Pieces like "Dawn" spark imagery of a faraway land via a simple melody, tinted with drifting qualities. Here, pianist Kana Kamitsubo renders elegant block chords, placing emphasis on the primary theme atop Sasha Markovic's gentle strumming, instilling a touch of folk into the jazz element. Moving forward, the duo adds a little more oomph, but conjures a sentimental portraiture throughout. The following track, "Sabbath Bloody Sabbath" begins with a buoyant motif where the duo exercises restraint and quaintness to coincide with a lovely hook.

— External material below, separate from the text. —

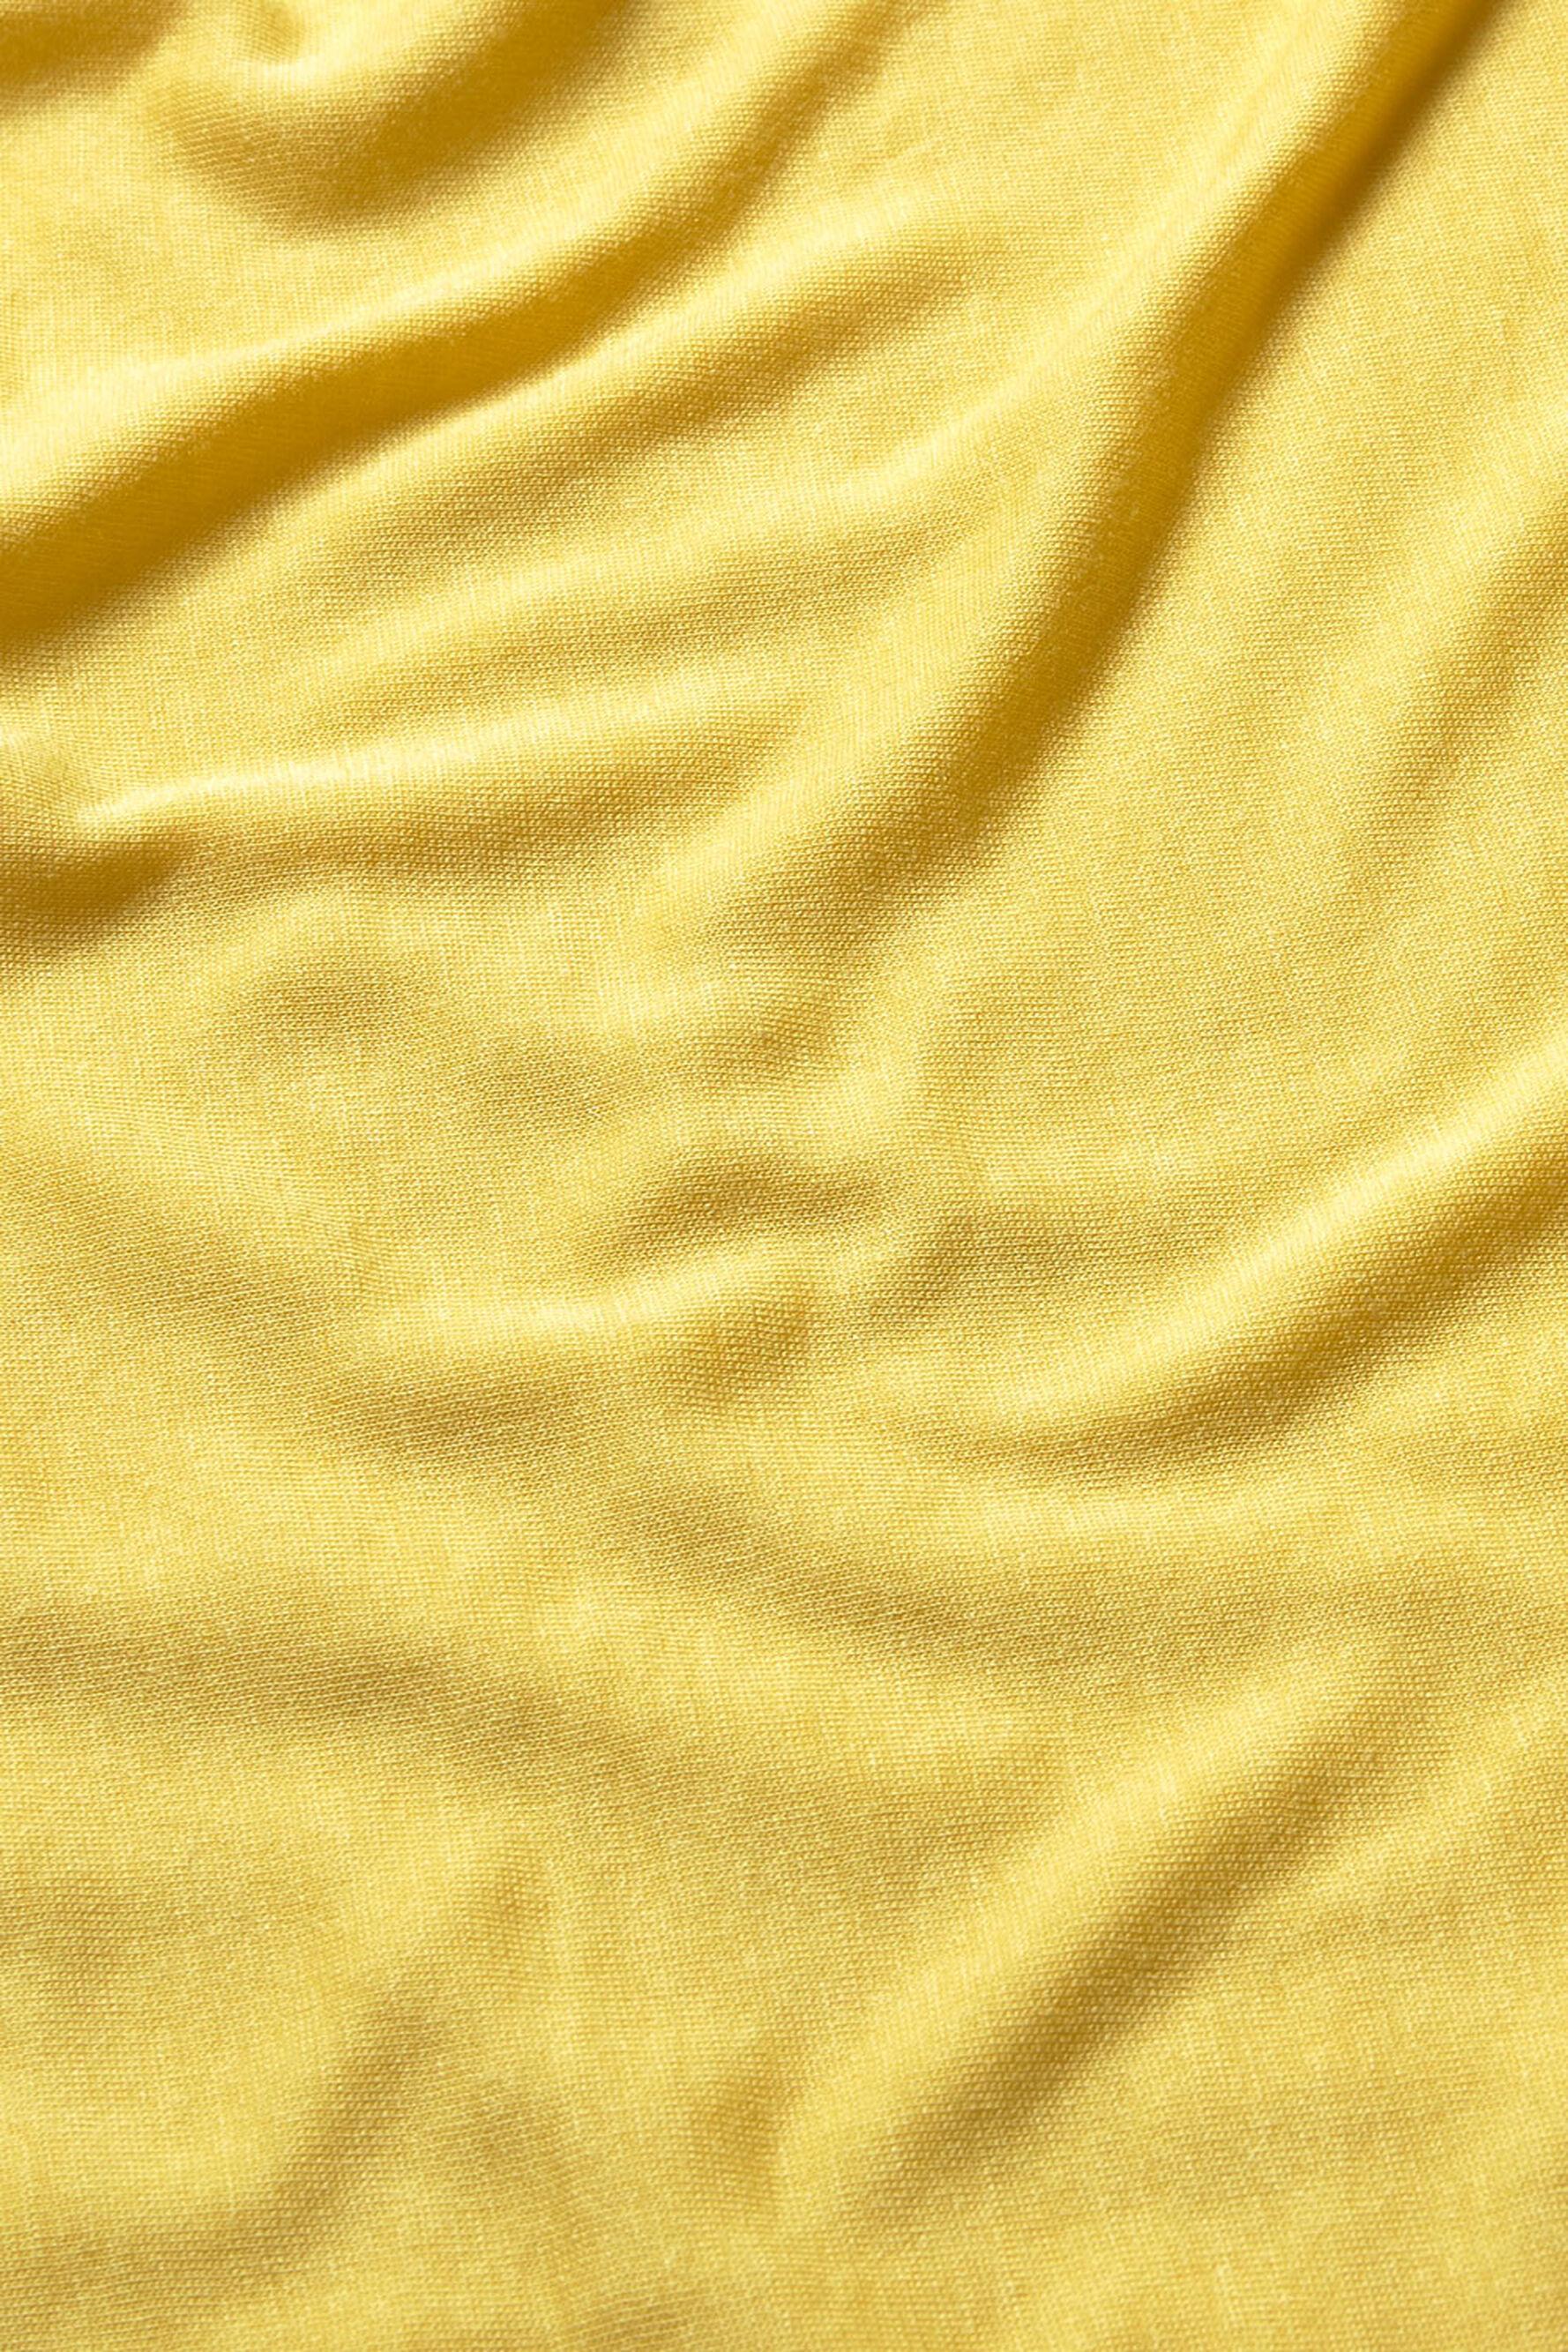 AMEGA TØRKLÆDE, Cream gold, hi-res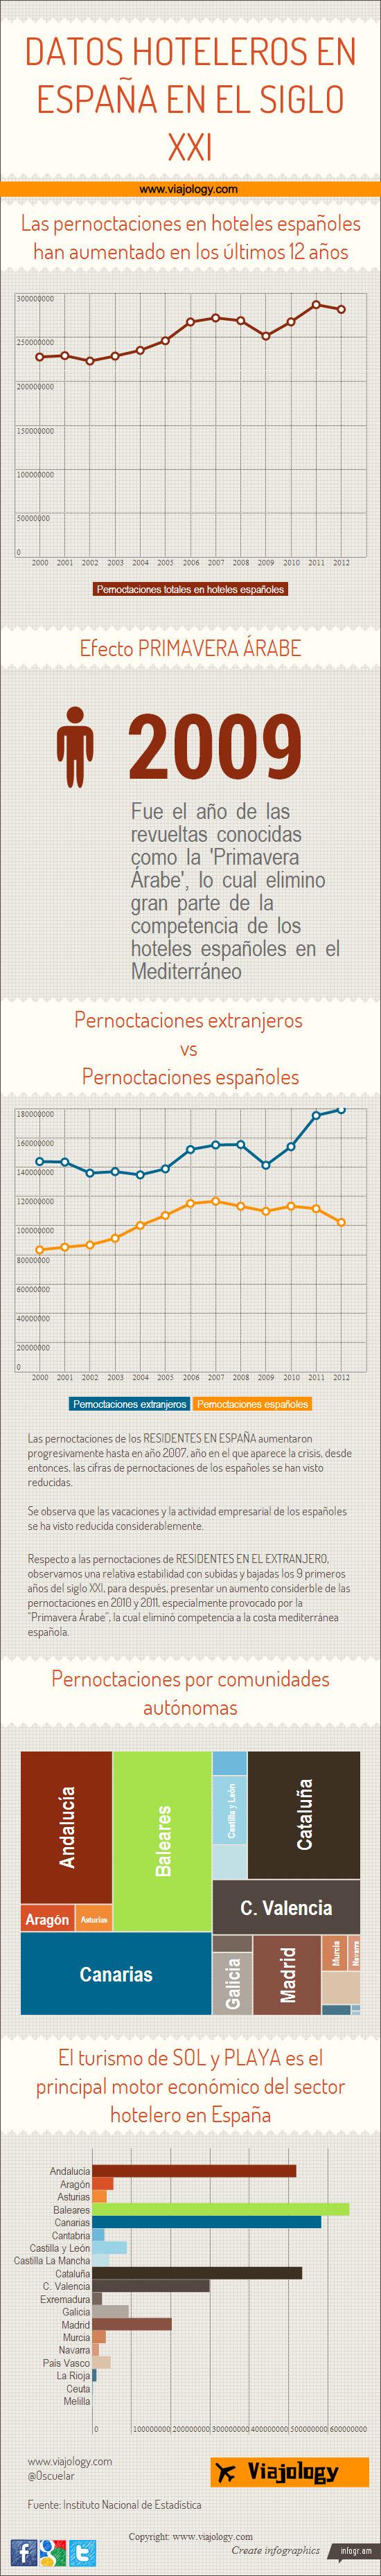 Infografia hoteles en España en el siglo XXI

On "101" the musicians open it up, including Kamitsubo's eloquent solo and Markovic's steady comping. However, they reverse-engineer the main plot, highlighted by their fluid developments and the pianist's classical music paradigms and hammering chord clusters. The guitarist stretches out during "Mori (Forest Song)" as he integrates blues and folk into Kamitsubo's rolling chord voicings. And Markovic's resonating and spirited guitar work is also evident on "Kiri," and elsewhere.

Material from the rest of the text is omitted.